LaFave couldn’t have been less worried. With Danny Click on lead guitar, Will Landin on bass and Wally Doggett on drums, the Austin singer-songwriter fired up two hours of ballads, rock and soulful blues. Keeping between-song banter to a minimum, LaFave drew on a selection of new and old, covers and originals. When he did chat, it was in the same manner that he performs, time the least of his concerns.
“This is just the kind of place Townes would be real comfortable in,” he mused. “When I saw these beautiful green hills up here, I thought of this Townes Van Zandt song.” But then that reminded him of pulling into a truck stop on the drive from his previous night’s show in Montreal, and how they had wound up talking about life on the road. A cover of Townes’ “Snowin’ On Raton” was the eventual punch line.
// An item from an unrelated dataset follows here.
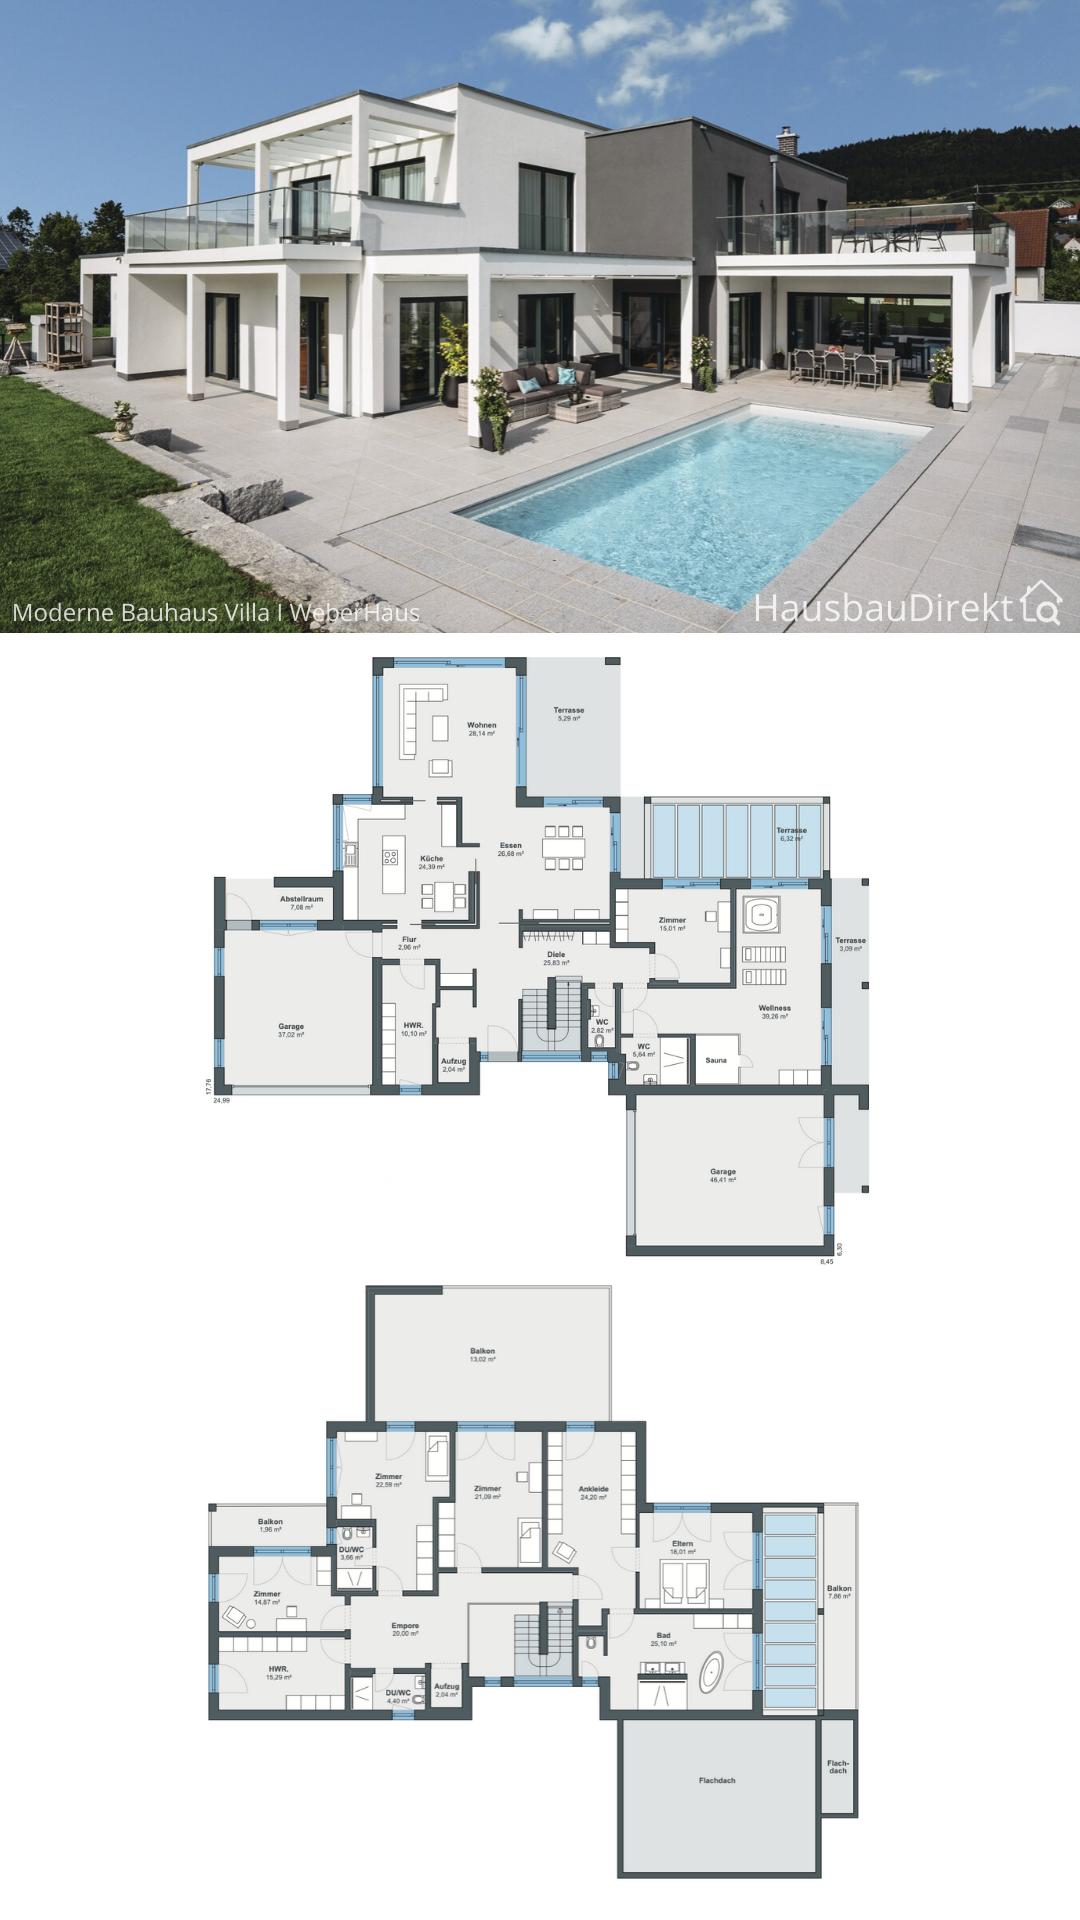 Luxus Einfamilienhaus mit Flachdach Garage & Pool Terrasse bauen Haus Grundriss Ideen 400 qm gross

That jaw about road life was for the benefit of Serena Ryder. She’s the girl LaFave heard singing in a hallway at last year’s Folk Alliance convention in Jacksonville, Florida, and has taken under his wing. Barely out of high school and accompanying LaFave on his Canadian tour, the Toronto-born Ryder, who opened the show, struck one audience member as a combination of Patsy Cline and Janis Joplin. Add a little Tracy Chapman and Etta James, and you’ve got the picture. Pipes. Presence. Potential.
Another youngster inspired a bit more stage talk. Born during his dad’s current tour, Jackson Delaney is Jimmy’s first child. “I’m still waiting for the FedExed pictures of him,” said LaFave, seemingly bemused at becoming a father at 46. “I’ll send this song out to my kid,” he added, and “Never Is A Moment”, from last year’s Texoma album, had suddenly been written for a child, not a woman: “From your head down to your toes/You are beautiful divine/If you hear music in the wind/My melody I hope you’ll find.”
And so it went. “Only One Angel”. “The Weight”. Blistering rock ‘n’ roll with Jimmy barely breaking a sweat. It was 1:20 Wednesday morning by the time he wrapped up “Mercury Blues” and the clutch of dancers packed it in. Another working day for most us, we headed back to the city, the rain over and stars glittering.